[Data provided]
•••

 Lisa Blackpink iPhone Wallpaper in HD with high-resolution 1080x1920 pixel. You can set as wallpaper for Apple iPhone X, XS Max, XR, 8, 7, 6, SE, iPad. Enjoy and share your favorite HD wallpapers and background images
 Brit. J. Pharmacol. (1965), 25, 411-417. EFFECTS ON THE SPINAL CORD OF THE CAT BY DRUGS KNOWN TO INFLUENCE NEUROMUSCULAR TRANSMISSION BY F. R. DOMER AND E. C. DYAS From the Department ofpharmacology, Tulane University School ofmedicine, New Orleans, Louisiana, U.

•••

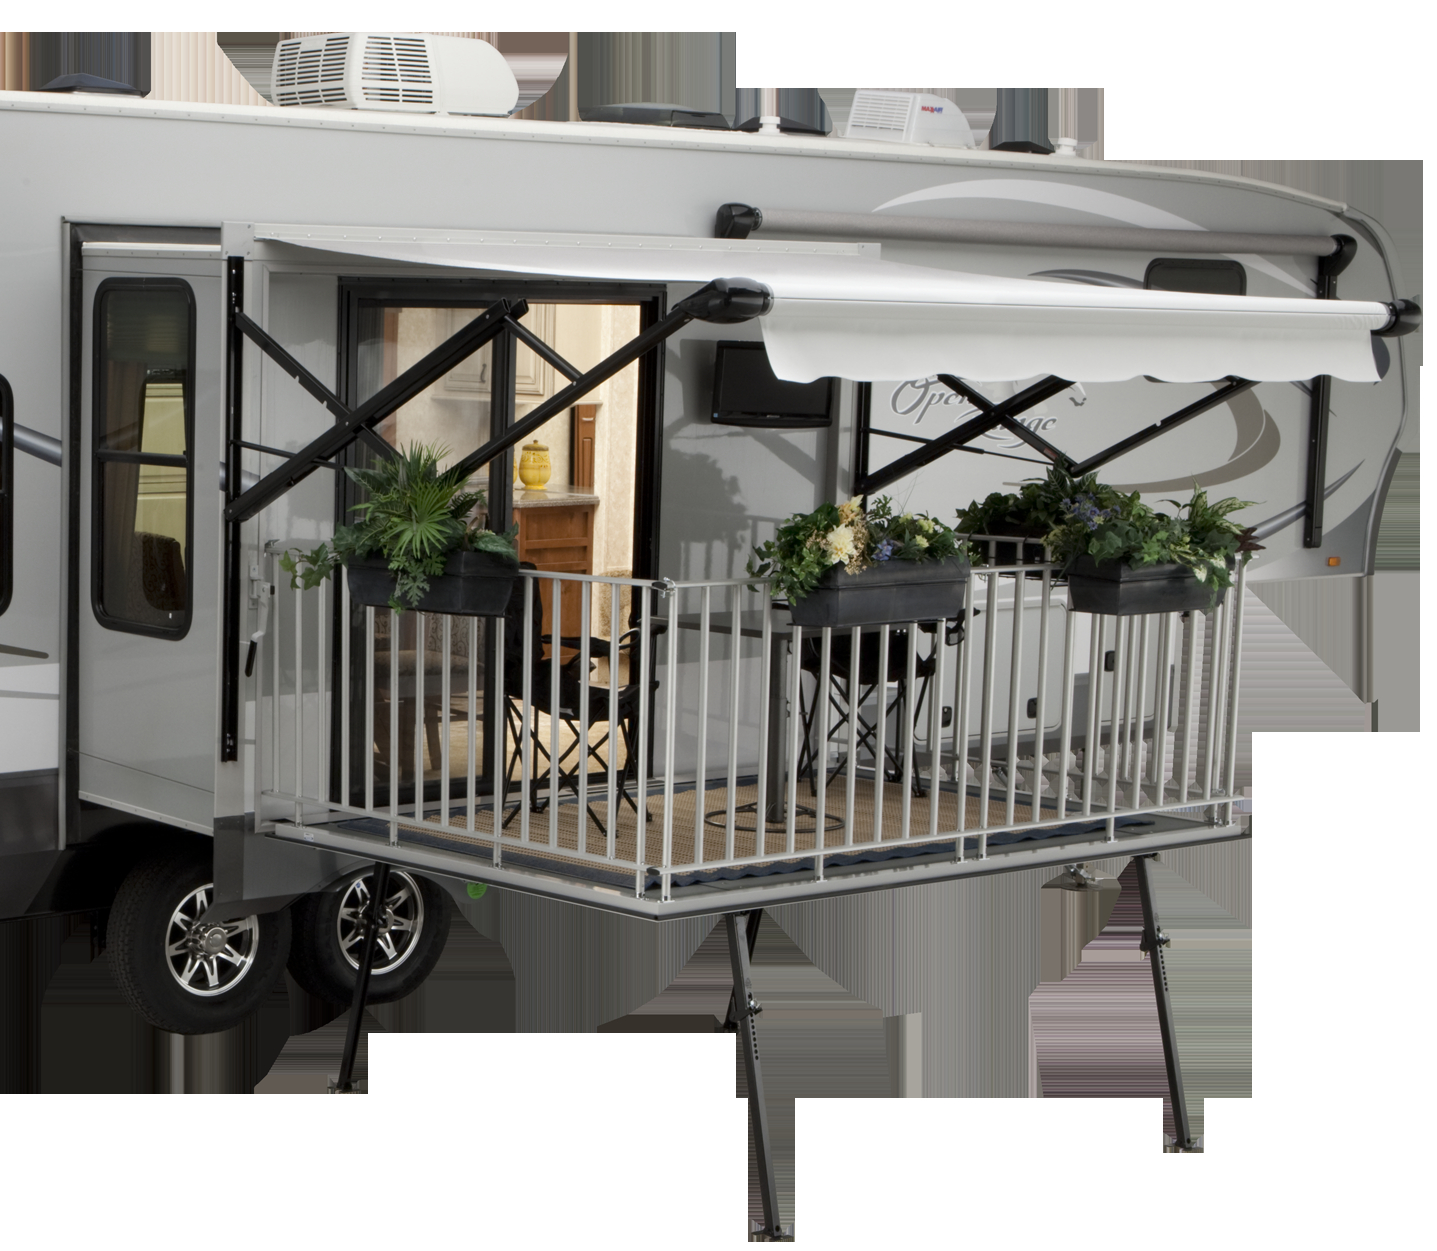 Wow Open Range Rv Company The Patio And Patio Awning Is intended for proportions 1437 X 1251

•••

[Problem to work on] Which lines above run from the one containing "Lisa Blackpink iPhone" to the one containing "Brit. J. Pharmacol."? Give them again exactly, both ends included.

[Solution]
 Lisa Blackpink iPhone Wallpaper in HD with high-resolution 1080x1920 pixel. You can set as wallpaper for Apple iPhone X, XS Max, XR, 8, 7, 6, SE, iPad. Enjoy and share your favorite HD wallpapers and background images
 Brit. J. Pharmacol. (1965), 25, 411-417. EFFECTS ON THE SPINAL CORD OF THE CAT BY DRUGS KNOWN TO INFLUENCE NEUROMUSCULAR TRANSMISSION BY F. R. DOMER AND E. C. DYAS From the Department ofpharmacology, Tulane University School ofmedicine, New Orleans, Louisiana, U.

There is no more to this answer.